→ **THE TASK**: Could you output exactly the lines running from the one containing "Карточки Домана நாட்காட்டி" to the final line of the listing below, leaving out pictures?

→ **DATA EXCERPT**:
++++++++

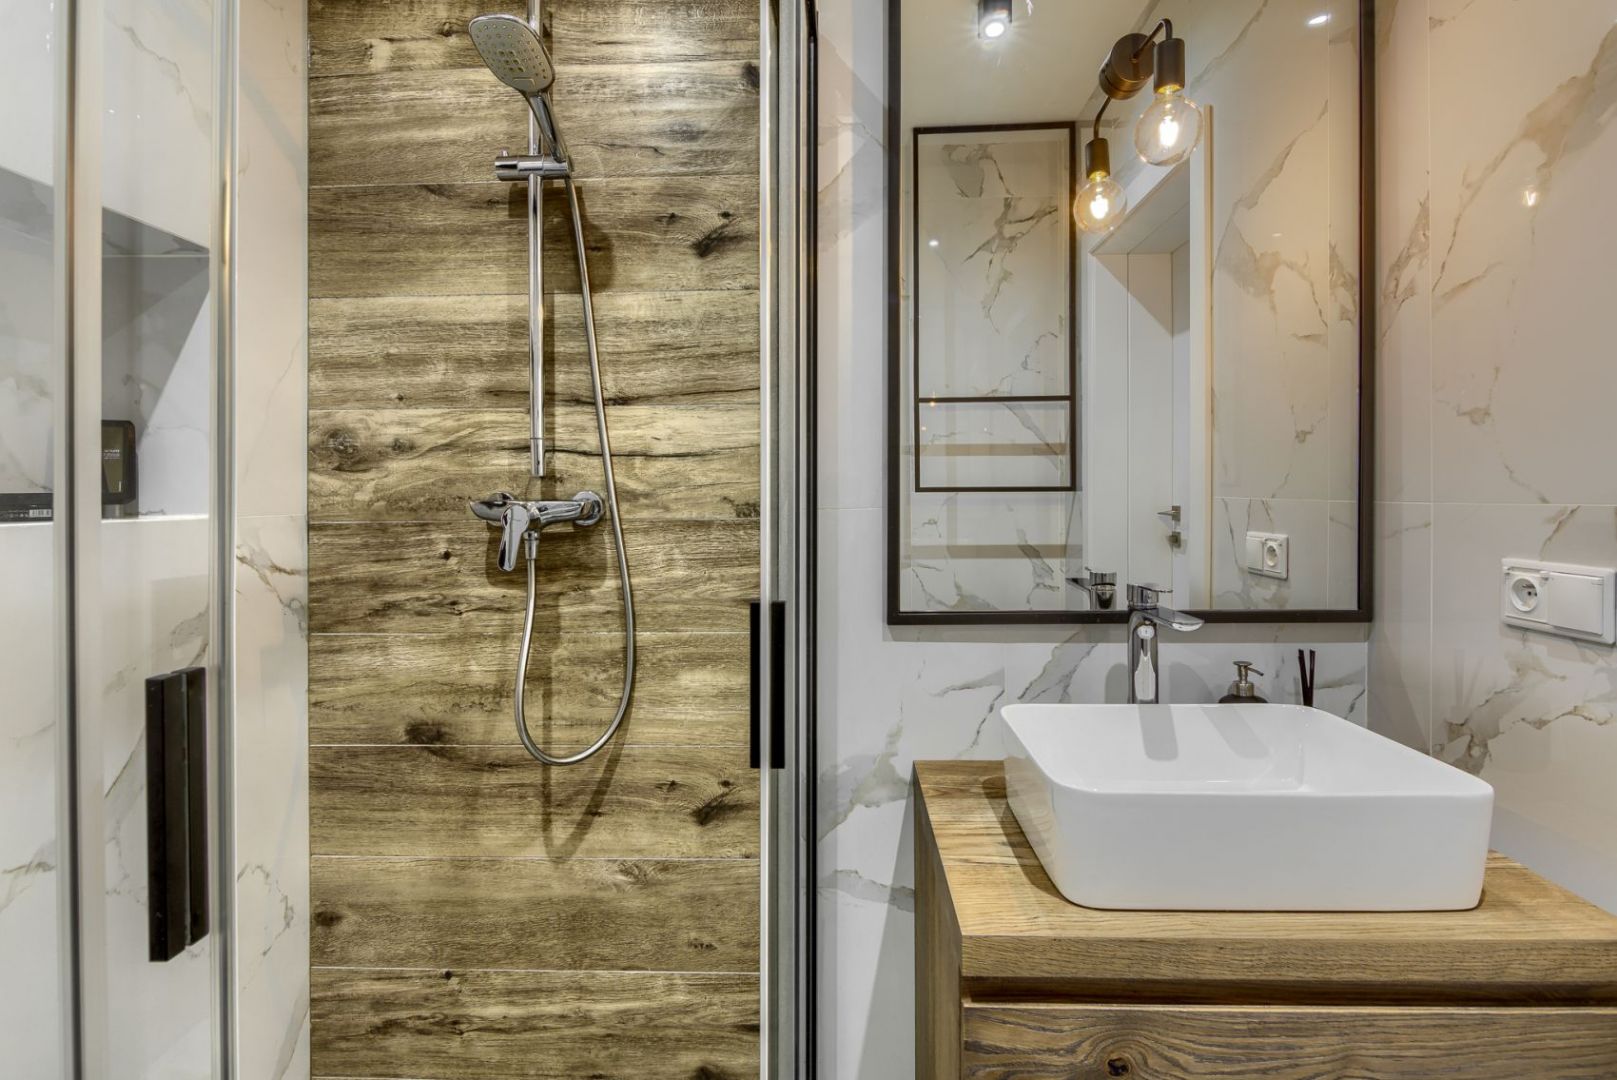 W łazience z prysznicem króluje biały marmur i drewno. Projekt: Magda Subda, studio Marta Subda Design. Fot. Krzysztof Sądej
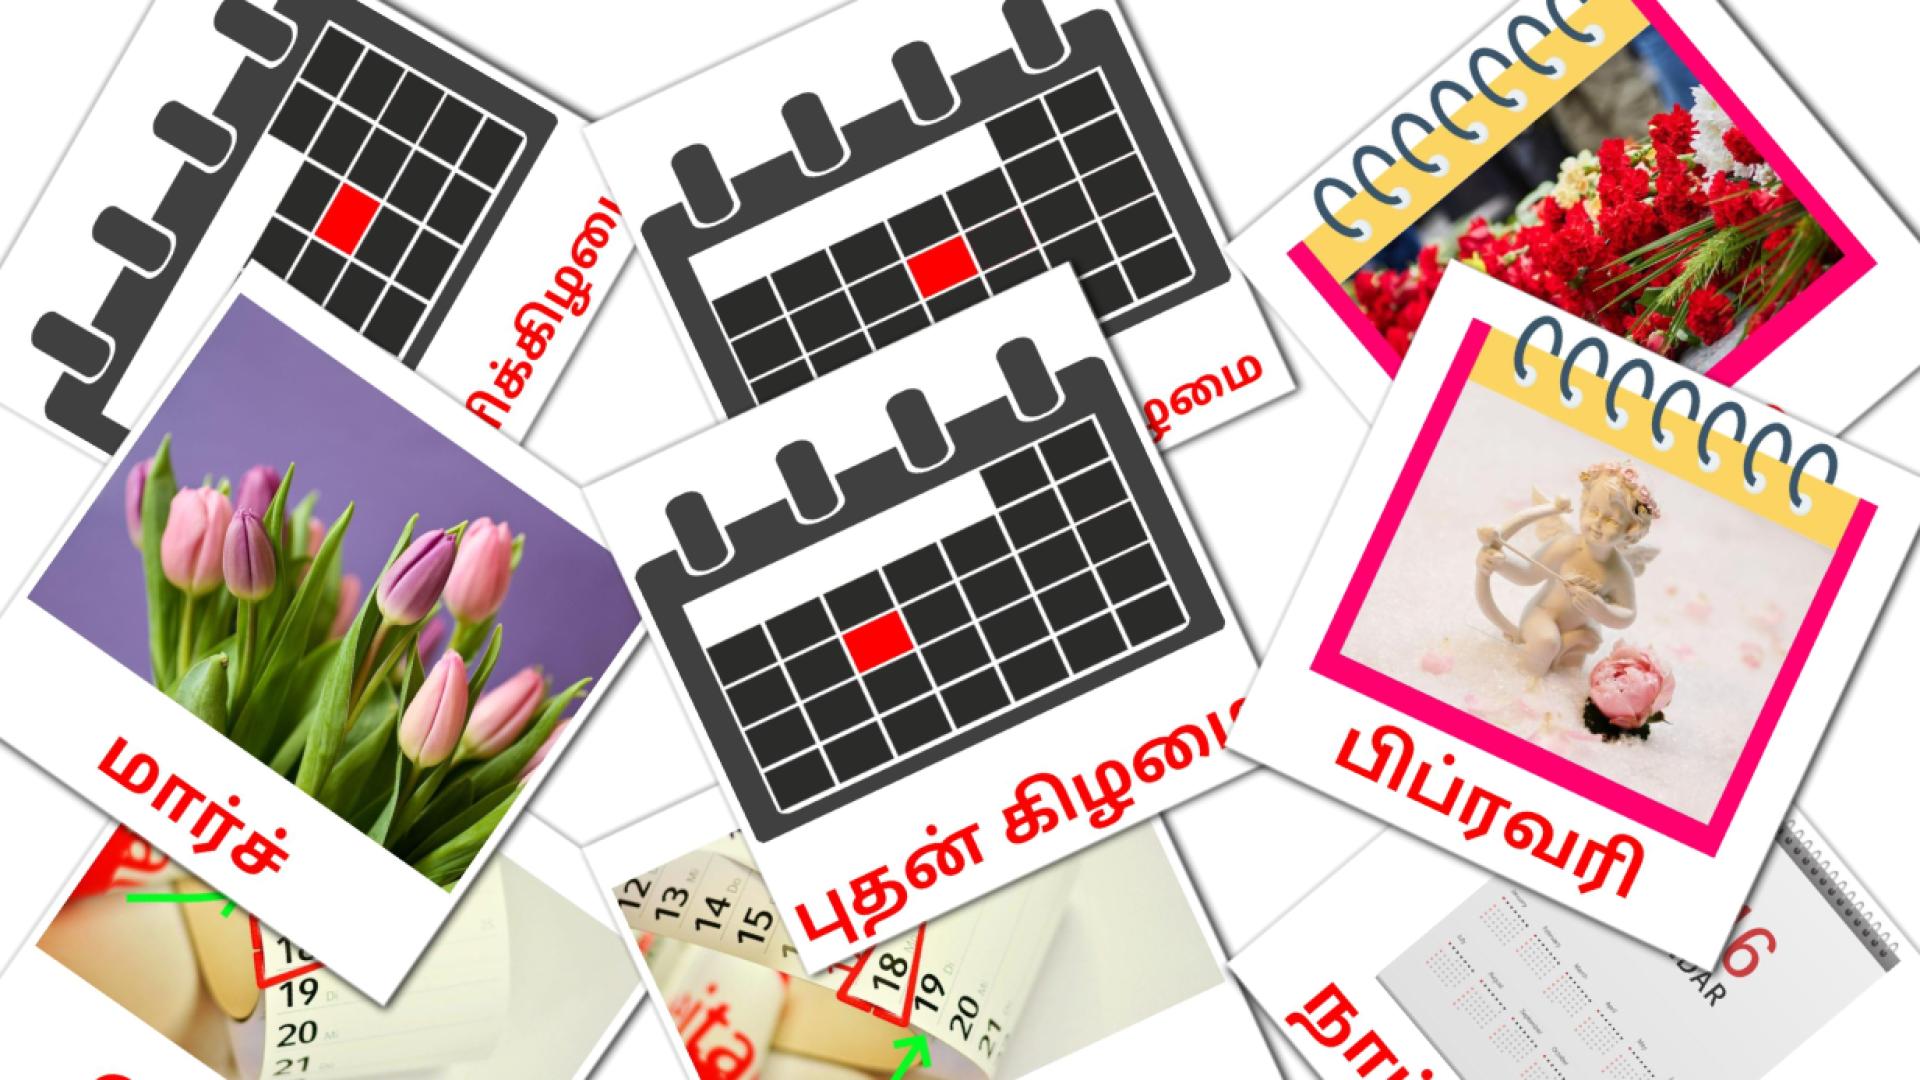 Карточки Домана நாட்காட்டி на тамильском языке
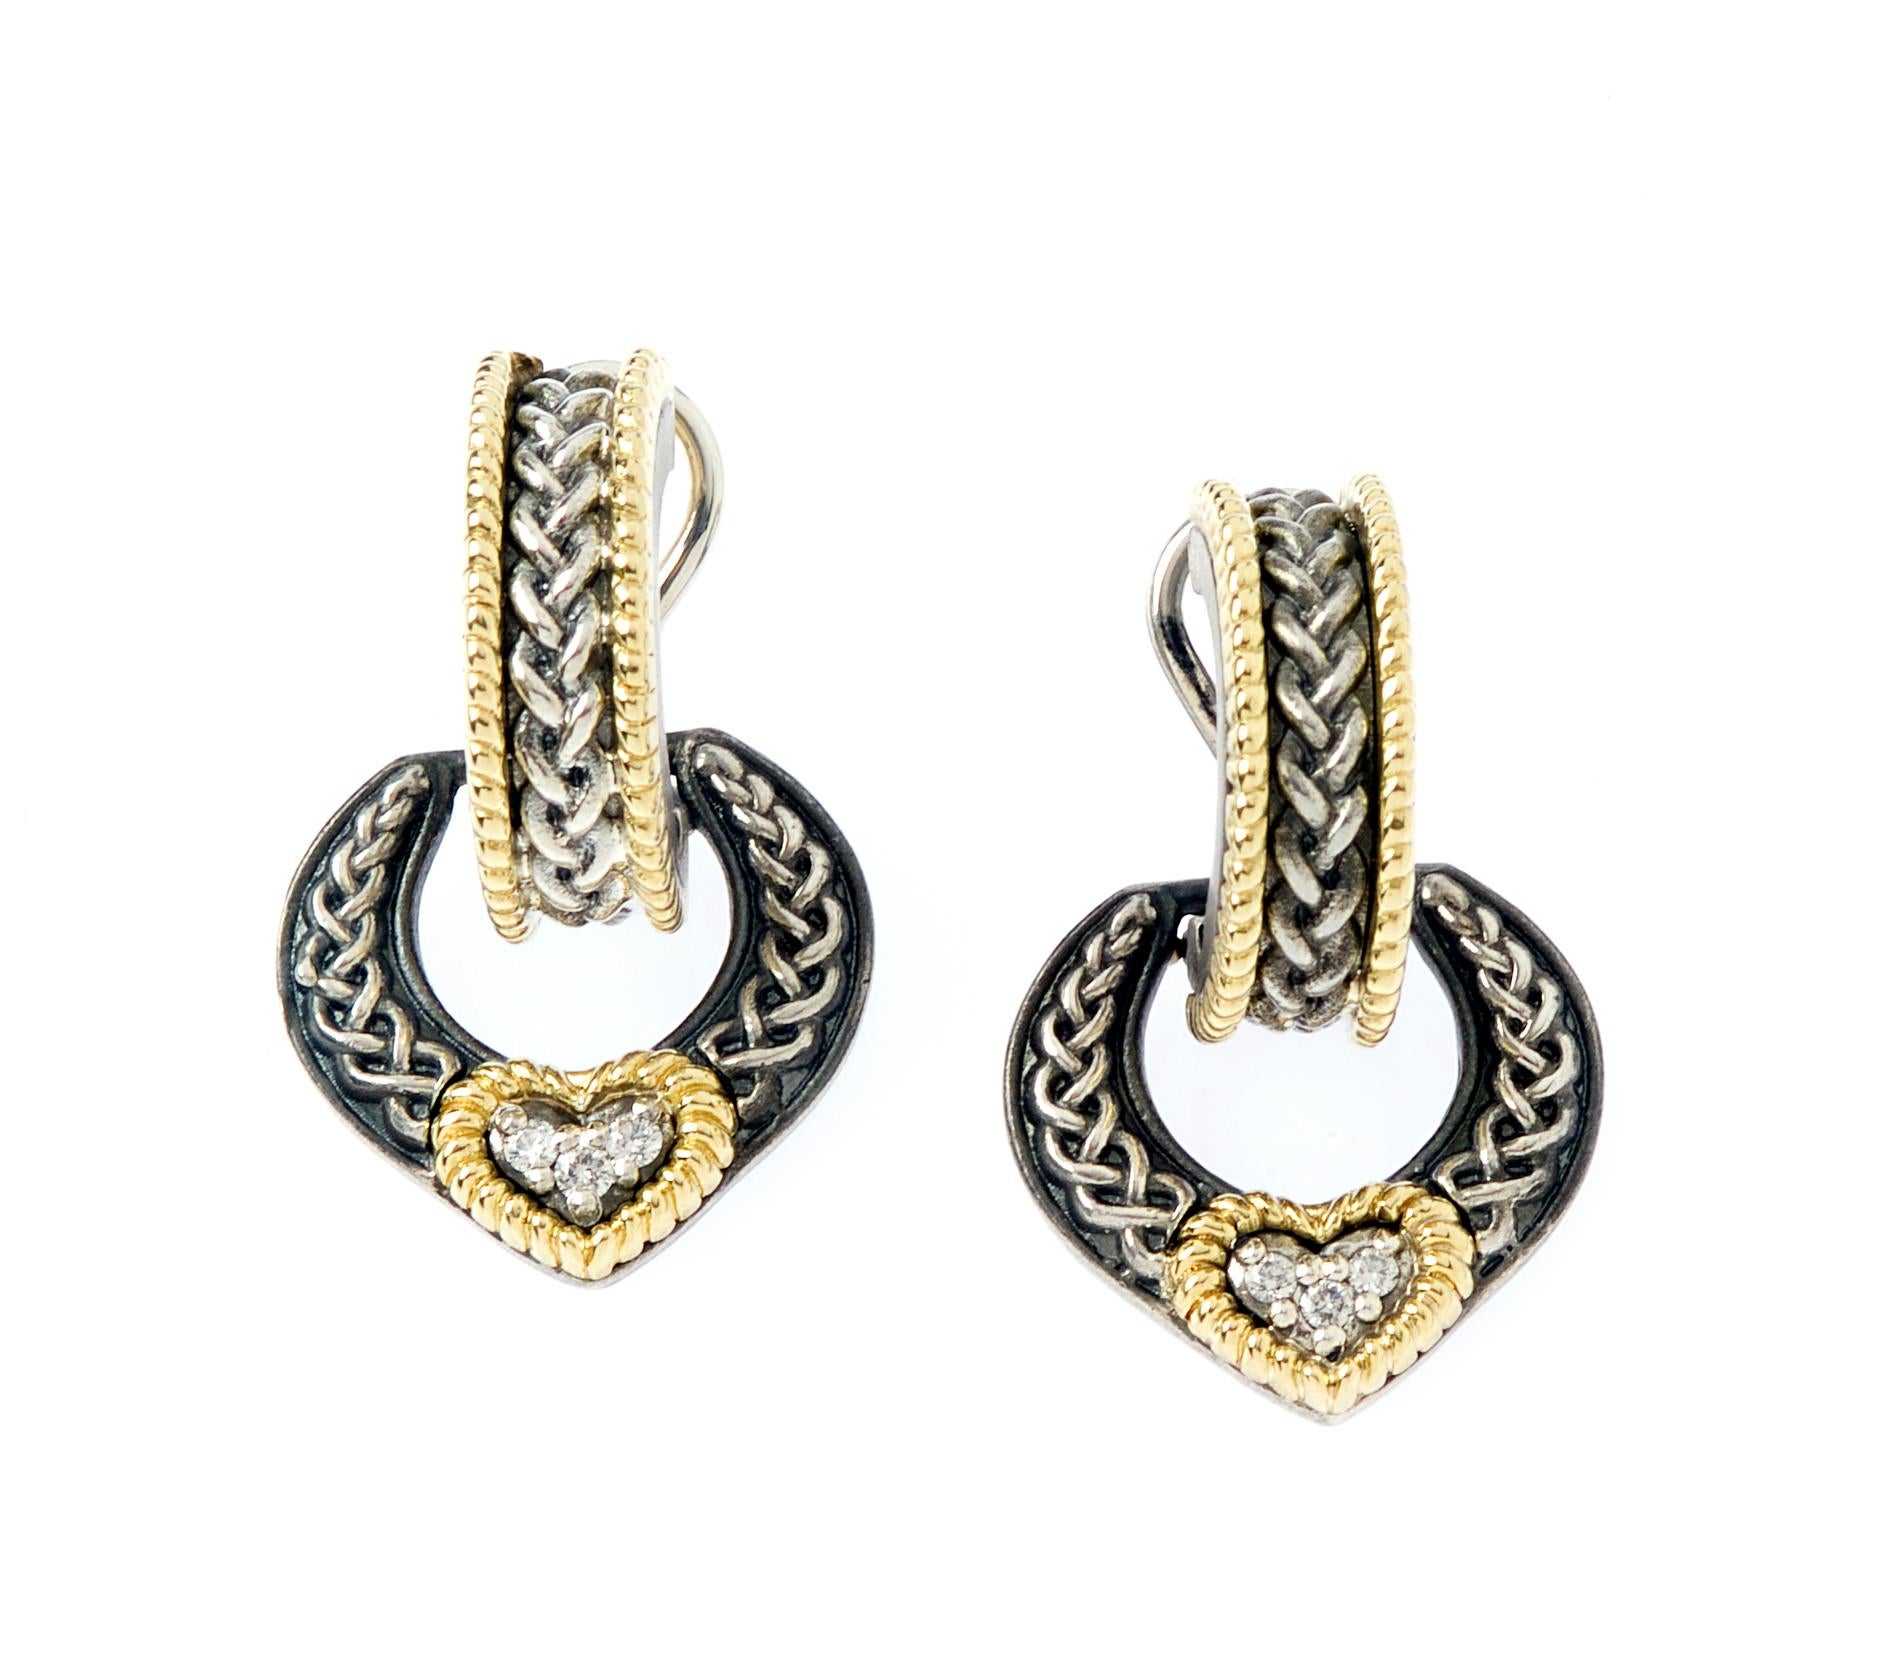 Round Cut Stambolian Sterling Silver 18 Karat Gold Diamond Heart Dangle Earrings

++++++++

→ **RESPONSE**:
 Карточки Домана நாட்காட்டி на тамильском языке
 Round Cut Stambolian Sterling Silver 18 Karat Gold Diamond Heart Dangle Earrings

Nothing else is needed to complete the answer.